» **INPUT FOR THIS TASK**
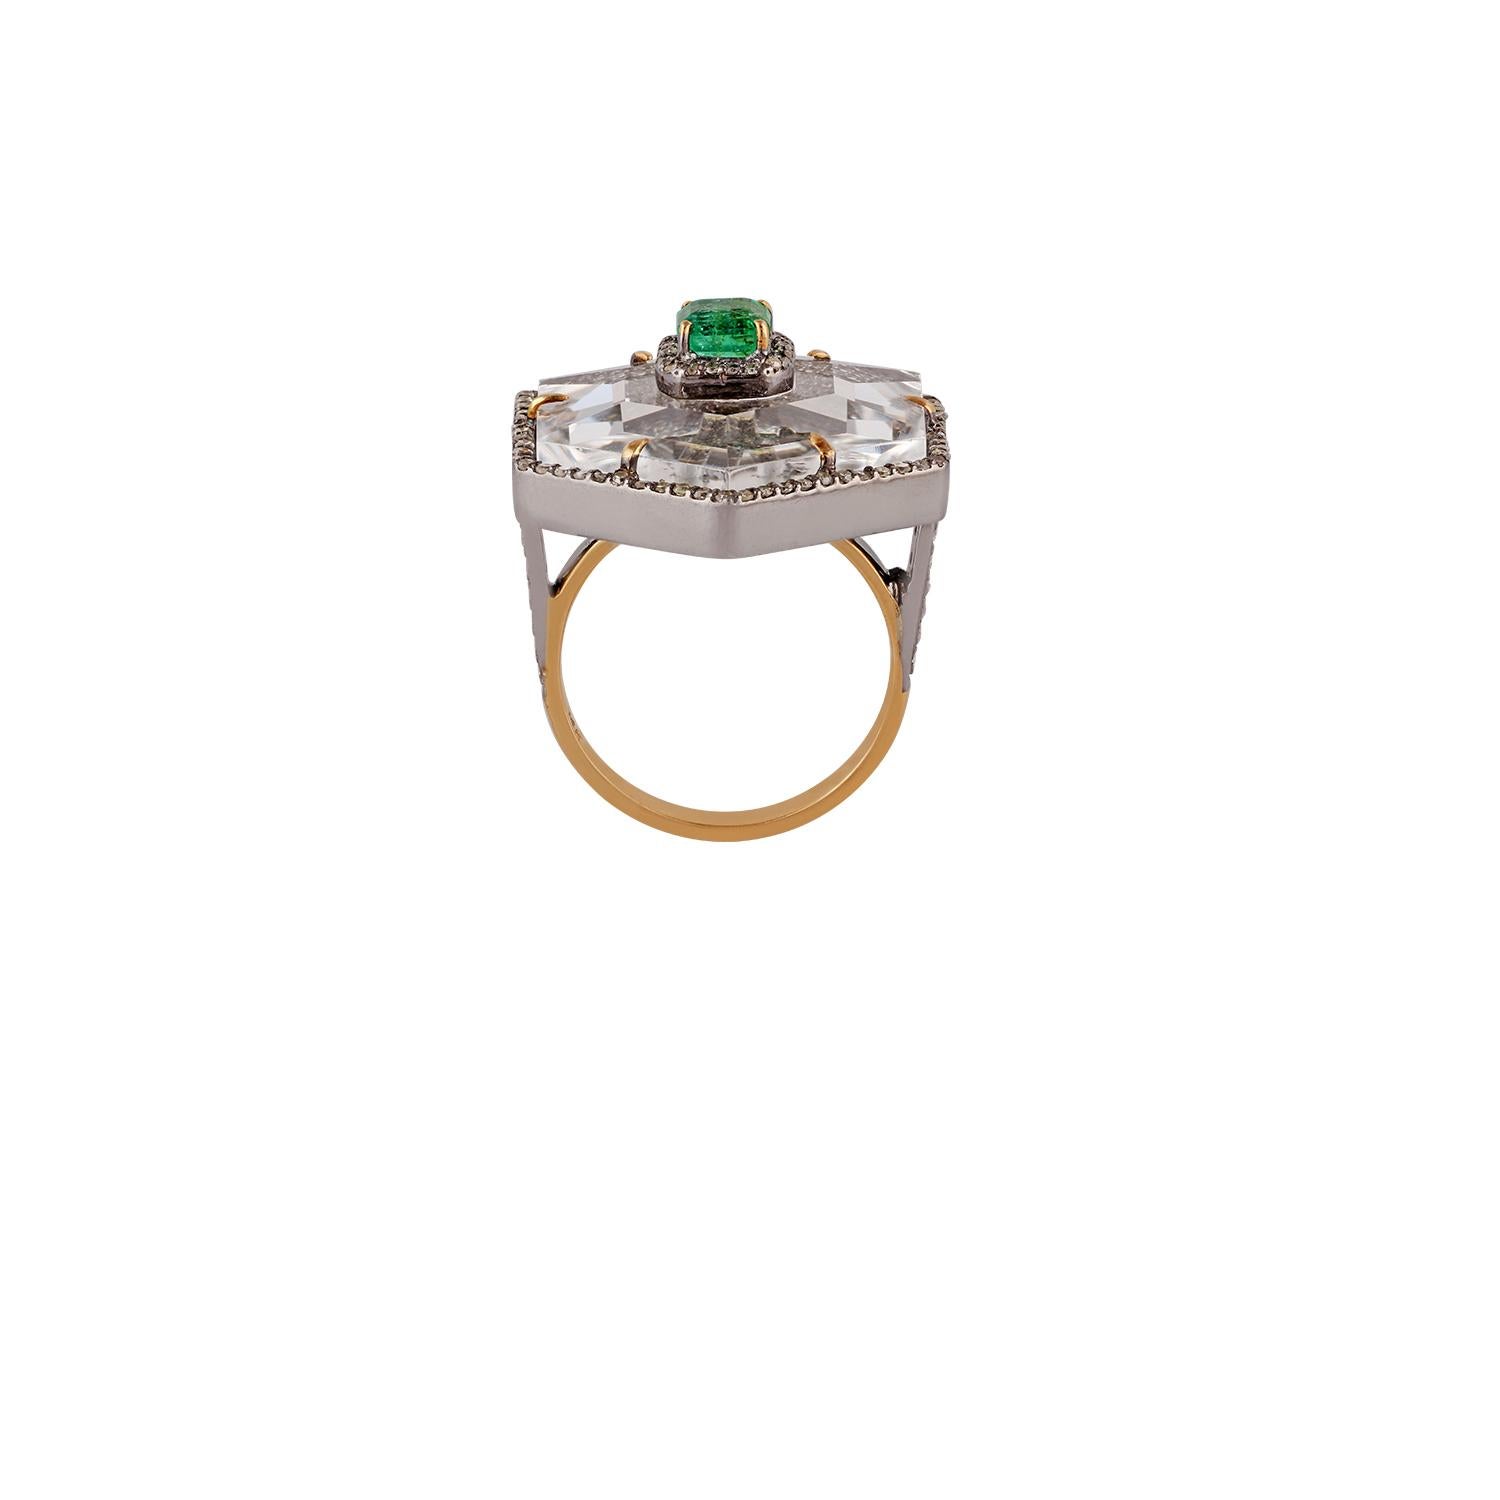 Emerald - 0.62 Carat
Crystal - 13.97 Carats
Diamond - 1.73 Carats
Gold - 2.31 Grams
Silver - 6.41 Grams

» **EXERCISE INSTRUCTIONS**
Return every line from the material that contains the word "Carats".

» **ANSWER TO THE PROBLEM**
Crystal - 13.97 Carats
Diamond - 1.73 Carats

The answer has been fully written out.